NGordnet — WordNet Hyponym Explorer
Web-based linguistic analysis tool built in Java as part of UC Berkeley's CS61B Data Structures course. Uses graph traversal and historical language data to explore semantic relationships between words.
NGordnet combines two large datasets: Princeton WordNet (semantic relationships between words) and Google N-Gram historical word frequencies. The system allows users to search for words and explore semantic relationships such as hyponyms — more specific versions of a word — while optionally ranking results by historical usage frequency.

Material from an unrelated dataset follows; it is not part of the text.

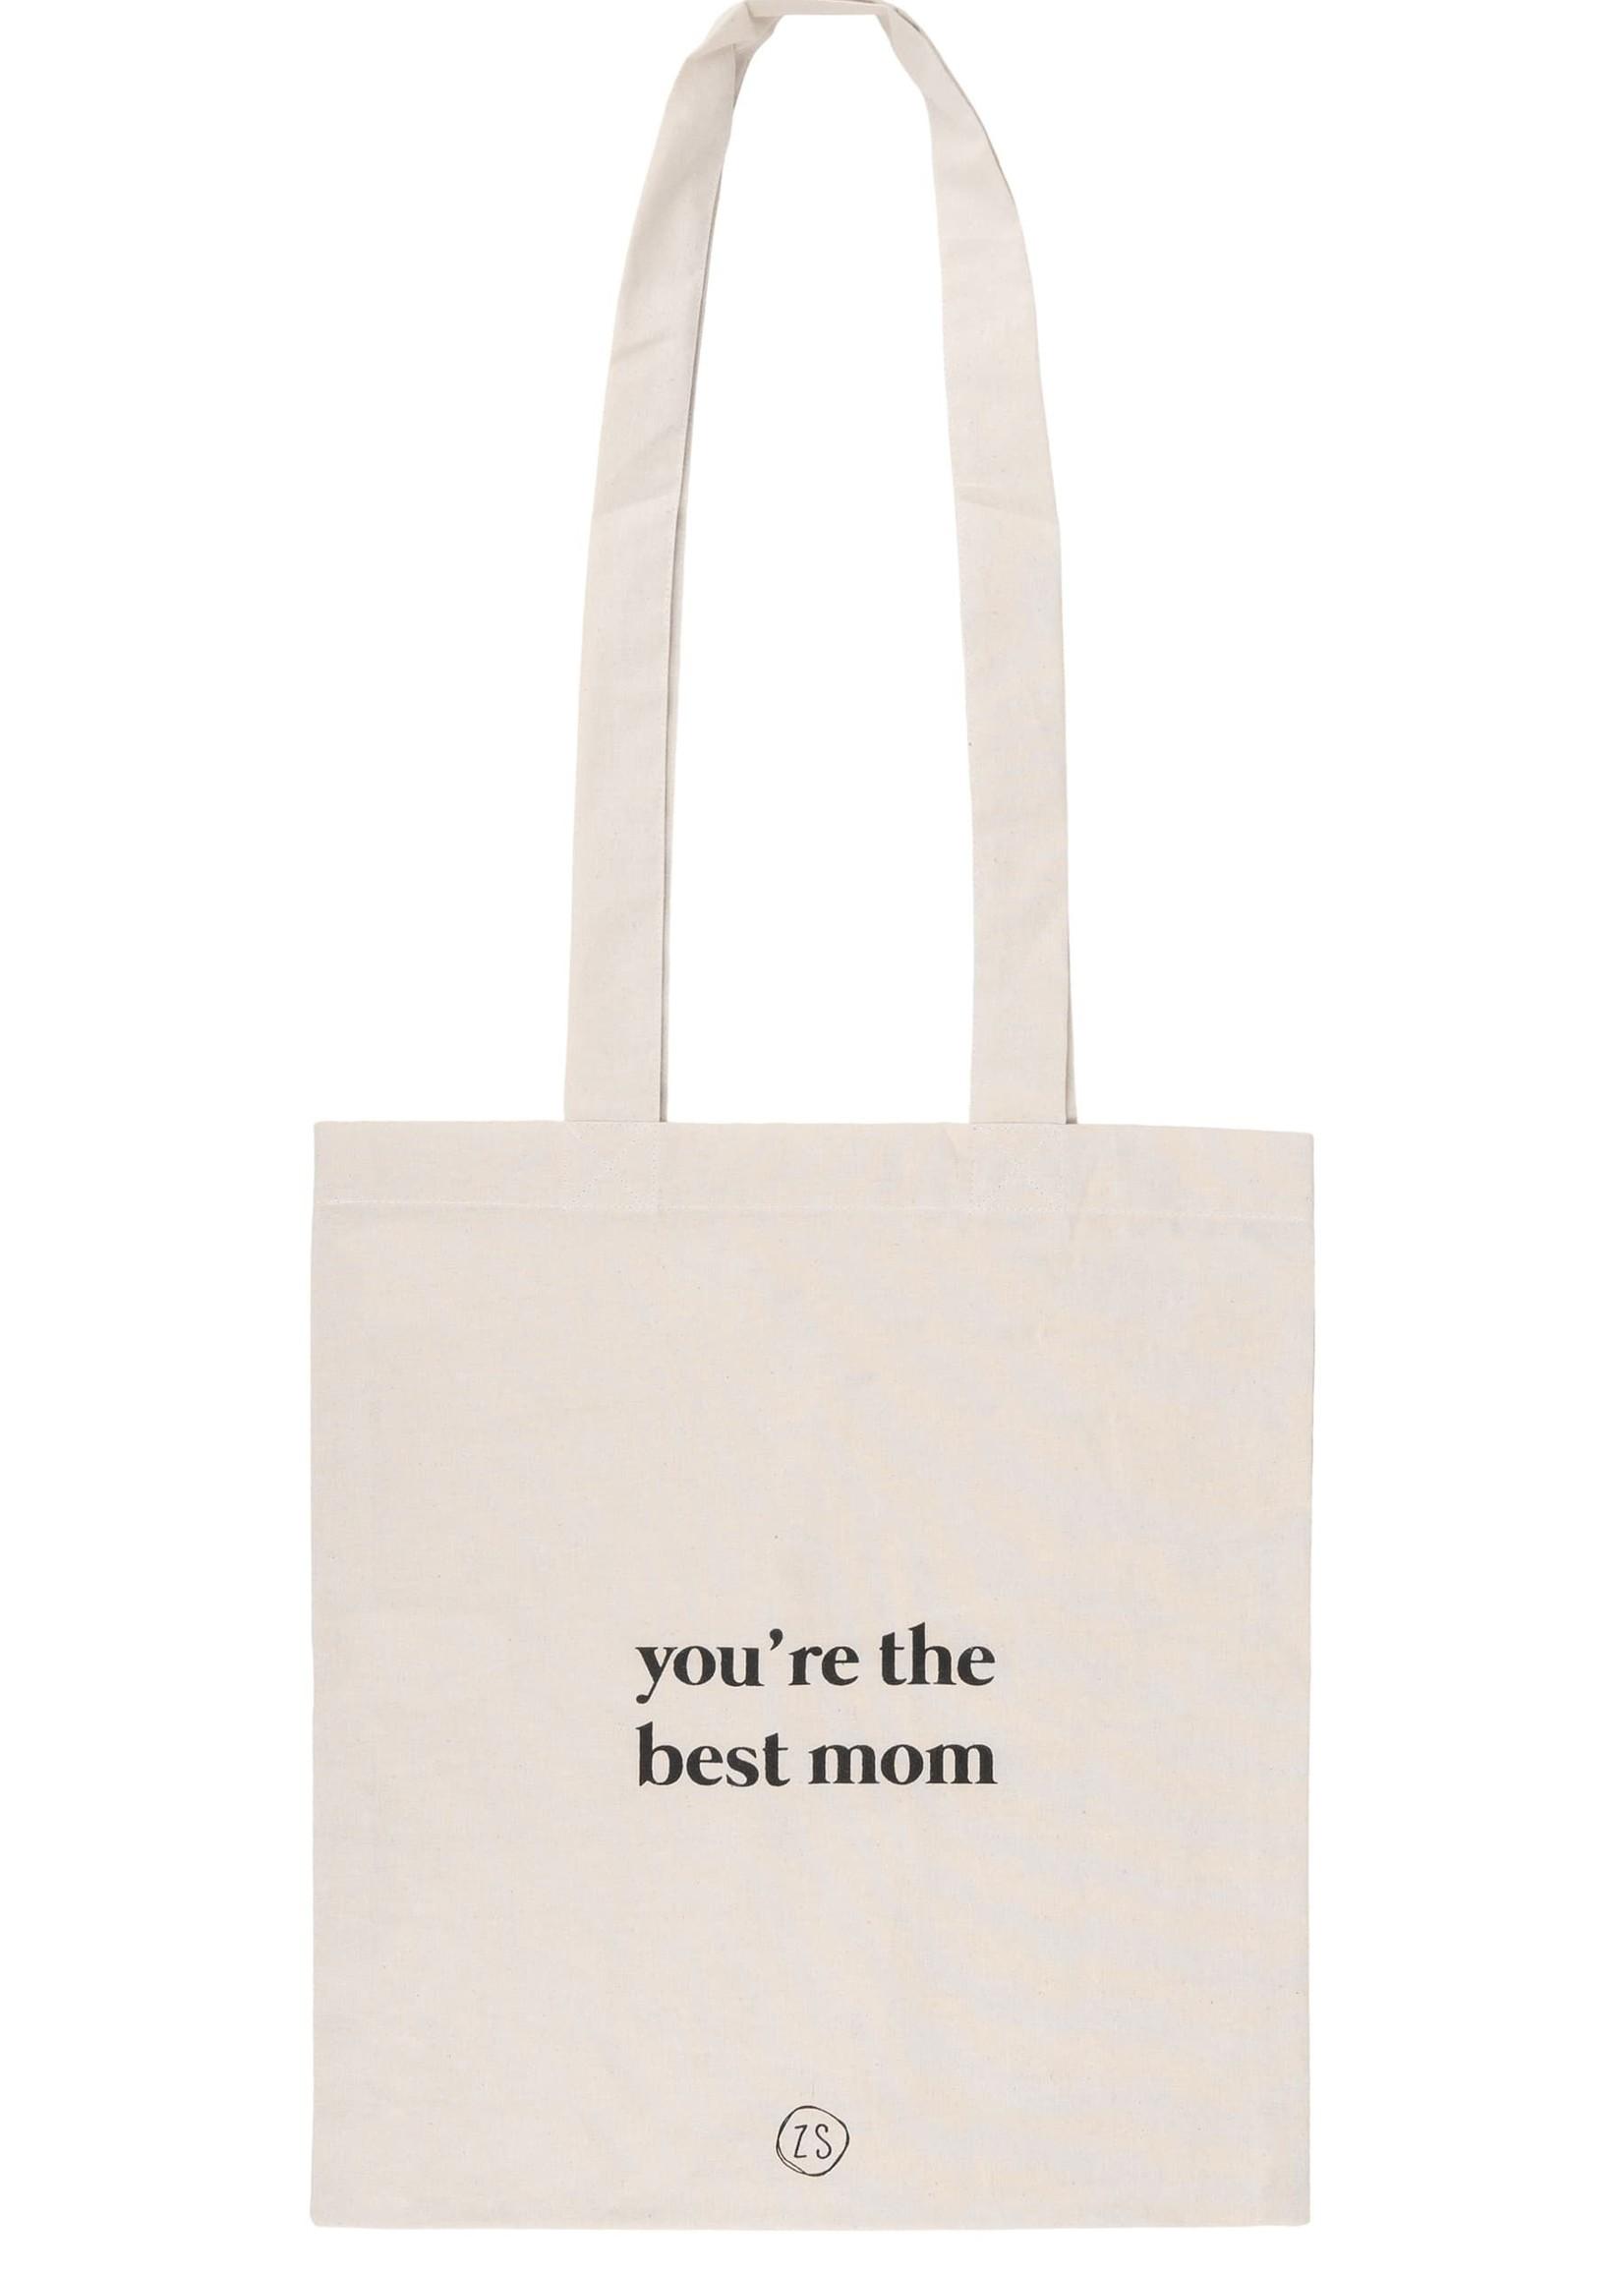 ZUSSS kantoenen tasje best mom naturel
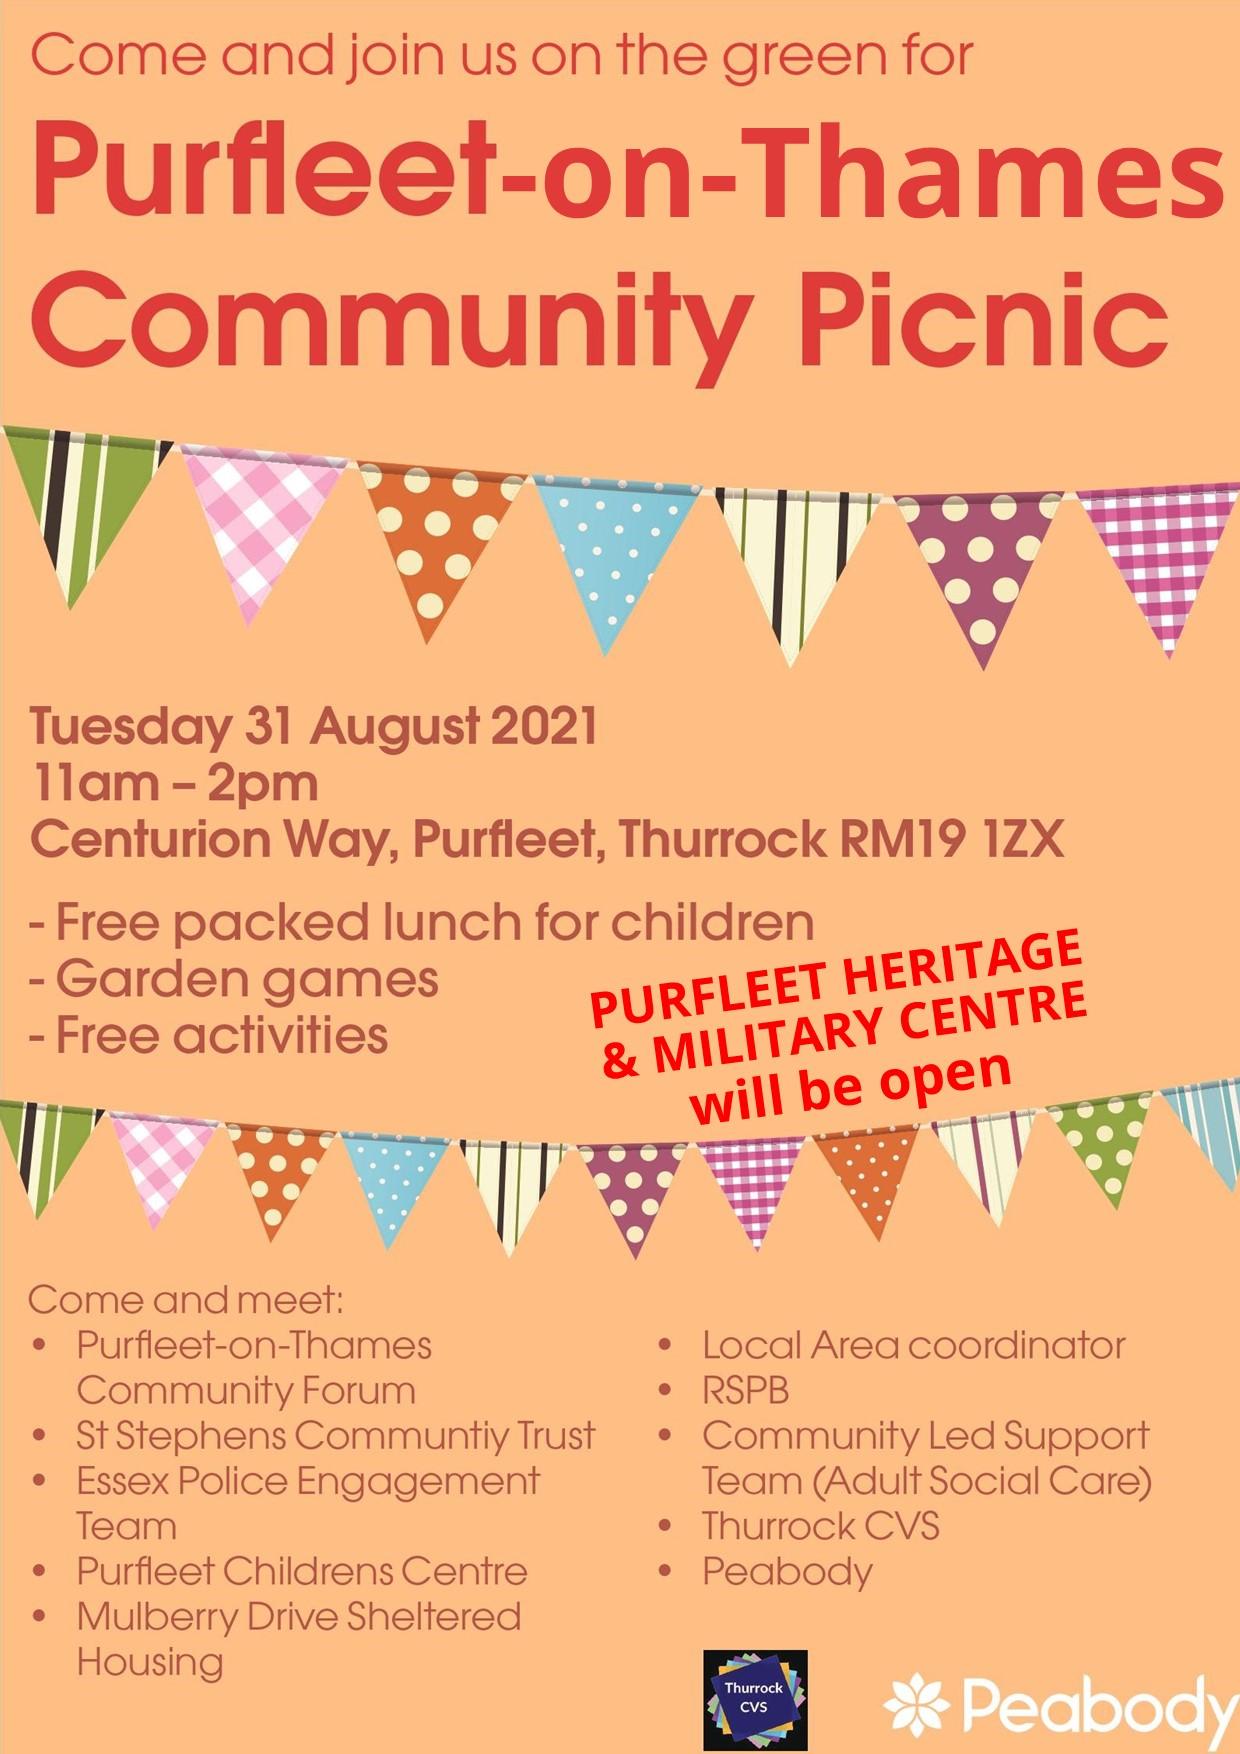 21.08.31 PoT Community Picnic

For example, a query for the word change returns related hyponyms such as alteration, increase, jump, leap, modification, transition, and variation — ranked using historical language usage data from the Google Books corpus.
The Challenge
The goal of the project was to extend an existing N-Gram analysis tool with semantic graph queries. Given one or more words, the system must:
- Find all matching WordNet synsets
- Traverse a directed graph of semantic relationships
- Return all reachable hyponyms
- Compute intersections for multi-word queries
- Rank results using historical frequency data
- Return the top-k most frequently used words
The implementation needed to handle datasets containing tens of thousands of words and relationships efficiently.
Technical Implementation
The project is built around three primary components:
Graph
A custom directed graph implementation using adjacency lists. Supports graph construction, efficient neighbor lookup, Depth-First Search (DFS), and reachability queries.
WordNet
Parses synset files and hyponym relationship files. Builds mappings between word → synset IDs and synset ID → words, and exposes APIs for semantic lookups.
HyponymsHandler
The web-facing query handler. Responsible for processing user requests, computing graph traversals, finding intersections between multiple word queries, integrating N-Gram frequency rankings, and returning sorted results.
What I Learned
This project strengthened my understanding of:
- Graph theory and directed graph design
- Depth-First Search (DFS) traversal
- Large-scale data parsing
- HashMaps and adjacency-list representations
- Algorithm design
- Software architecture
- Building APIs around complex data structures
Key Contributions
- Implemented directed graph data structures from scratch
- Built graph traversal algorithms for semantic search
- Parsed and integrated large WordNet datasets
- Added frequency-based ranking using N-Gram data
- Implemented multi-word query intersections
- Developed backend query handling in Java